By Daniel S. Katz, Assistant Director for Scientific Software and Applications at the National Center for Supercomputing Applications, University of Illinois Urbana-Champaign.

This article is part of our series: A day in the software life, in which we will be asking researchers from all disciplines to discuss the tools that make their research possible.

A large amount of today’s computational and data science involves combining the execution of many tasks that each run a model or transform data, to build up a multi-component model or a multi-stage data transformation. Most researchers initially do this manually, and then (if they have any programming experience) eventually move to using shell scripts when the manual process gets too painful. However, shell scripts tend to limit the work to single resources, as they don’t really work well with parallel computing.

An alternative method is to use a system that I’ve been involved in developing: the Swift Parallel Scripting Language. (Note that there’s no relation here to Apple’s Swift, other than that they reused our name.) Swift provides an implicitly parallel and deterministic programming model, which applies external applications to data collections using a functional style that abstracts and simplifies distributed parallel execution. Swift addresses many complications commonly associated with parallel and distributed computing, including scale, distribution, complex dependencies, scheduling, heterogeneity and flexibility, fault tolerance, debugging, and performance.

A Swift user today writes a high-level script with C-like syntax that expresses a set of operations, which are often external executables or simple functions, in terms of their inputs and outputs. Swift examines the script, and runs any task that has all its inputs available, using as many resources as are available, whether laptops cores, HPC nodes, or cloud nodes. Once these tasks run and produce outputs, additional tasks that use those outputs as their inputs can be run, and so on, until all tasks have run. We refer to Swift as “programming in the large”, since this is really “programming the orchestration of application programs.”

One group using Swift is the ArcticDEM project at the Polar Geospatial Center at the University of Minnesota, with partners from Ohio State University (OSU) and University of Colorado - Boulder. The project’s goal is to “produce a high-resolution, high-quality, digital surface model (DSM) of the Arctic using optical stereo imagery, high-performance computing, and open source photogrammetry software.” In order to do this, it has to process a stream of satellite images and build them into Digital Elevation Models (DEM) strips (as imaged by orbiting satellites) and DEM mosaics (assemblages of multiple strips that cover larger areas.)

This type of processing is different from how HPC systems are usually configured. For example, sites typically impose policies on batch job schedulers to allow a relatively small numbers of large jobs to run, and will only run an even smaller number of jobs for a given user at once to avoid scheduler overhead and encourage scaling of workloads. The ArcticDEM project needed a way to bundle over 500,000 single-node tasks into a smaller set of 100- to 1000-node jobs. Swift manages the grouping of the ArcticDEM tasks, and also handles the queue of unfinished tasks, adding new tasks into the pool of running jobs as tasks finish.
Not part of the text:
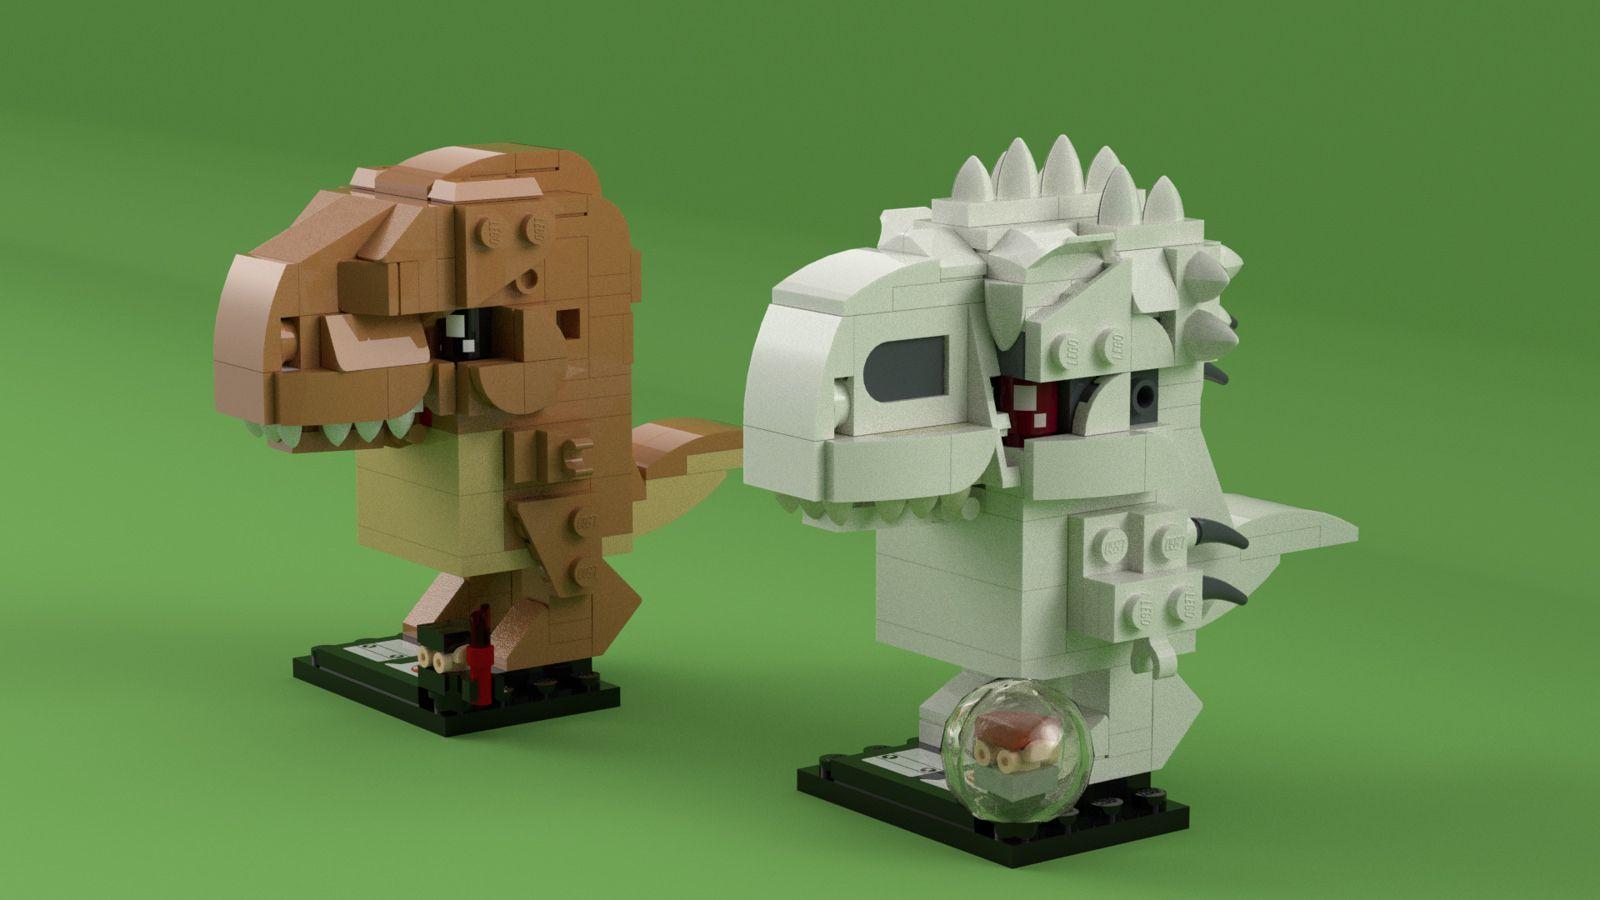 LDD] BrickHeadz Jurassic Park/World: Rexy & Indominus Rex

As a result, the ArcticDEM project’s jobs are large enough to avoid burdening the HPC scheduler and still small enough to fit in otherwise unused nodes, increasing the utilisation of the machine. Most importantly, Swift enabled the ArcticDEM project to use over 18 million node hours compute time on Blue Waters since 2016. To date, the project has produced four data releases towards its goal of complete Arctic coverage.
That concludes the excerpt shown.